WHY IT WON’T MAKE THE LIST: It’s too far down the production ladder. If you make a movie for $0, it needs to be ceaselessly and relentlessly weird to make our List. That’s not to say you shouldn’t see Mangoshake if you get the chance, of course, but realize it’s aimed primarily at no-budget movie fans rather than weird movie fans.

COMMENTS: The most important exchange of dialogue comes at the end. Mangoshake entrepreneur Ian (occasionally pronounced “Juan”) confesses to Spaceboy (the nerd who obsessively documents this lazy summer in his diary, hoping to make sense of it all) that his entire enterprise has not been about building a sense of community, as he publicly claimed, but about getting laid. (How giving away free mango shakes was going to get him laid is one of the many absurdities Mangoshake lays out without explanation). “All of this was just to try to have sex?,” objects Spaceboy. “No, I won’t accept that, it was more than that.” Ian responds, “It’s not. It’s just straight up not.” He pauses. “Look, if it was more than that for you, no one can take that away from you.”
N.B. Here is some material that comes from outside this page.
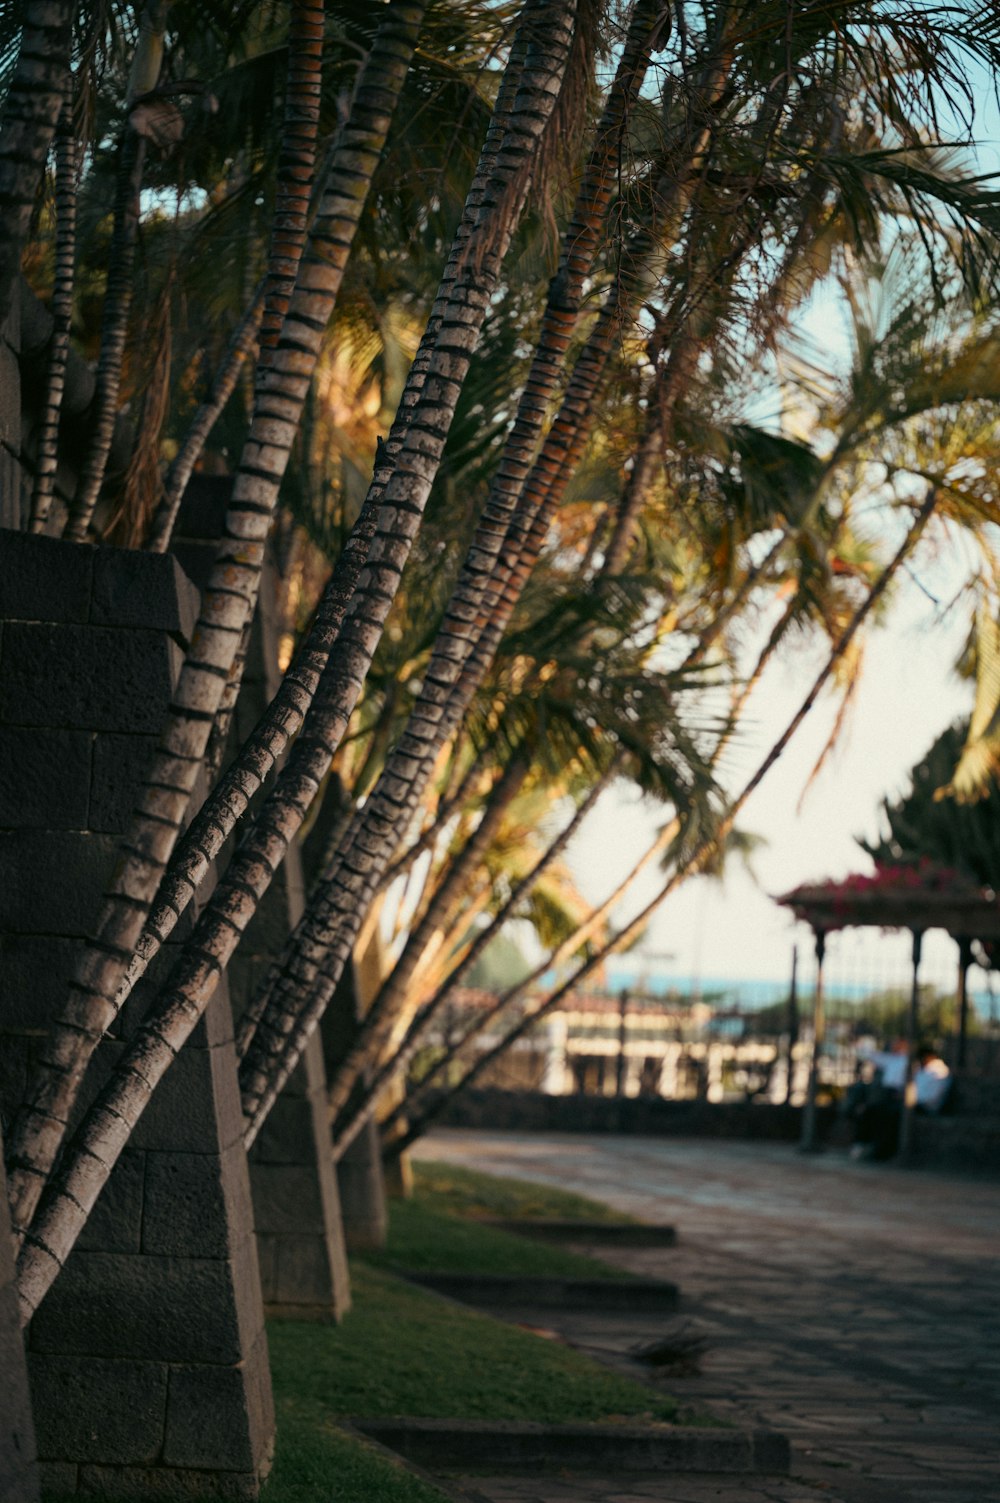 a man riding a skateboard down a sidewalk next to palm trees

With dozens of thinly-sketched characters (actors clearly in their twenties but acting like teenagers), Mangoshake is a nearly plotless experiment evoking a certain summer slacker ennui through comic vignettes that err towards the goofy side of absurd. It’s sort of a sunny combination of Clerks and that sets out to subvert teen cliches. The comedy is uneven, often relying on gambits like characters suddenly wearing fake beards and reciting dialogue in funny accents, or pitching dumb movie ideas—“clowns crushed by gravity!”—resulting in mock hilarity. There is a whiny monologue from a discarded pizza crust and a pretty good musical number, though. The best bit, which involves a black market fruit dealer named Nancy, could stand alone as a Youtube short. It ends with a food fight where a couple of the actors sort of break character and crack up, but they just keep rolling.

Filming on unforgiving equipment one step above an iPhone, Chiu uses simple techniques—jump cuts, subtitles, upside-down shots, and a crashing-skateboard cam—in an attempt to create visual interest in the bland suburban setting. As is often the case with low budget productions, sound can be an issue, making it hard to make out some dialogue. As a joke, one shy character is always subtitled, but the whole film might benefit from close-captioning. Adding to the proudly amateur aesthetic, the actors have such blank deliveries that you sometimes wonder if Chiu is trying to translate into mumblecore. There are a few moments of genuine melancholy sincerity as the characters awkwardly attempt, and generally fail, to connect with each other on a deeper level than just “hanging out.”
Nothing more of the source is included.